Кильон обдумал услышанное. Разумеется, нельзя исключать того, что все это психологическая уловка, задуманная капитаном и начальником охраны, чтобы притупить его бдительность: давай, мол, откройся Куртане. Интуиция, впрочем, подсказывала, что капитан говорила откровенно.
– Я ничего не скрываю, – заверил он.
– Надеюсь, что так, доктор. Ради нас обоих надеюсь.
Возникла пауза. «Неужели разговор затеян только ради предупреждения?» – гадал Кильон.
– Что с нами будет, когда доберемся до Роя? – осторожно спросил он.
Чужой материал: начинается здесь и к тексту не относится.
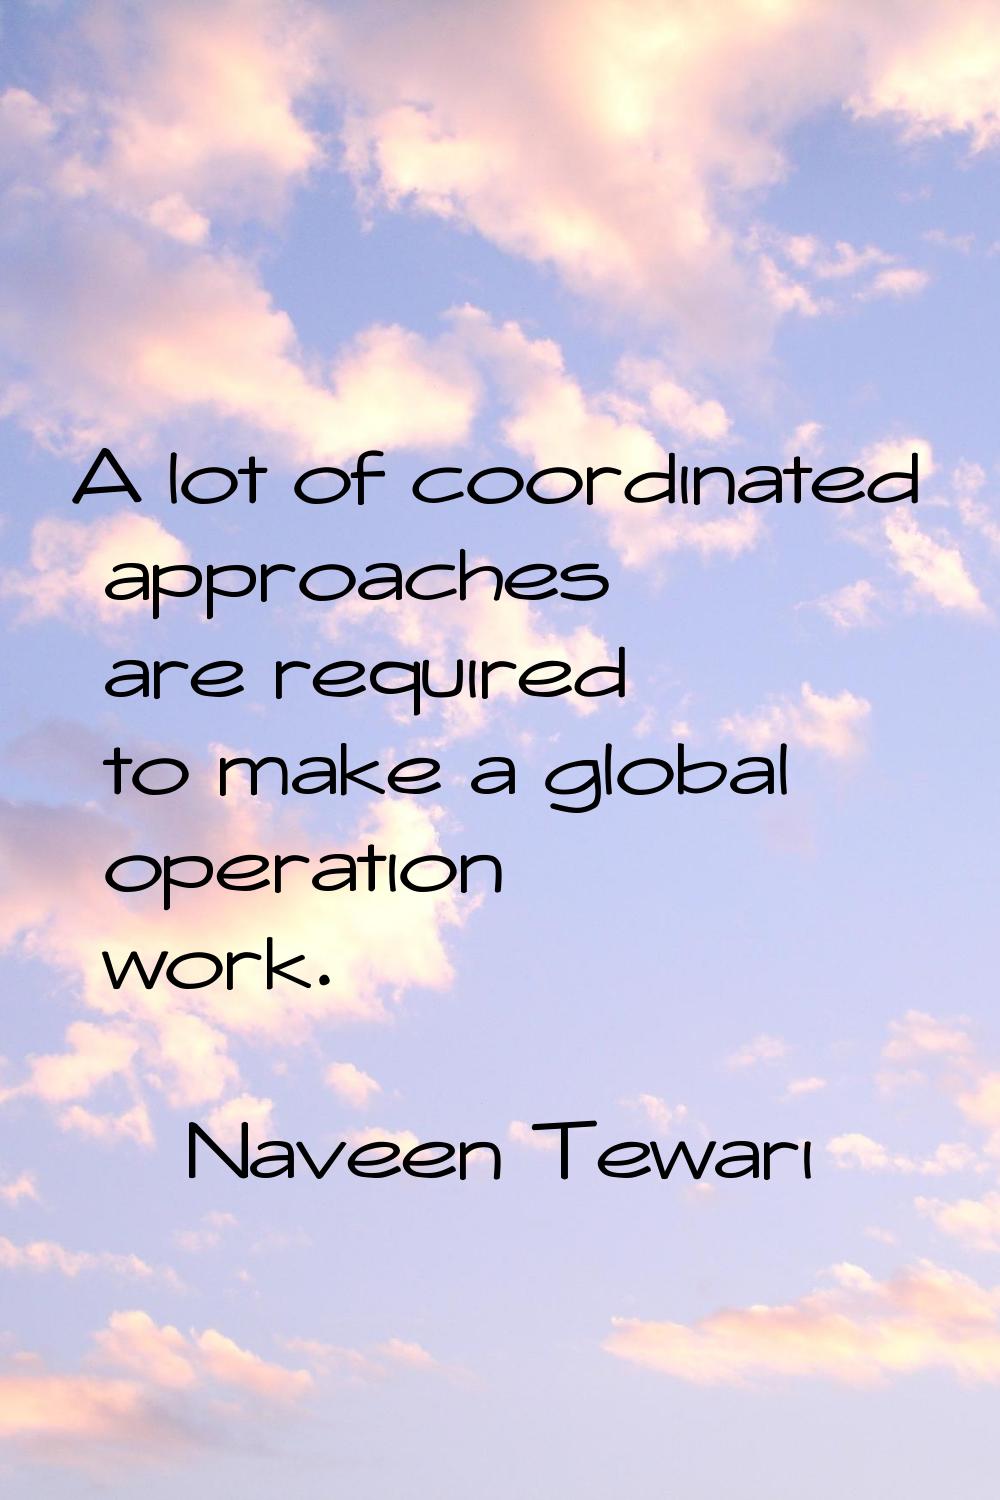 A lot of coordinated approaches are required to make a global operation work.

– Вас оценят на предмет полезности. Я уже объясняла, что новичкам дается шанс проявить себя. Если отбросить сомнения доктора Гамбезона, ты неплохо себя зарекомендовал. То же самое касается Мероки. Ради нас она подставилась под пули, – я позабочусь, чтобы это учли.
– Вот Мерока обрадуется!
– Ты защищаешь ее? Гамбезона послушать, так она порезать тебя хотела.
– Мерока просто свое мнение высказывала, только и всего.
Куртана кивнула, словно подтвердились ее давние подозрения.
– Получается, клиношники своих на перепутье не бросают.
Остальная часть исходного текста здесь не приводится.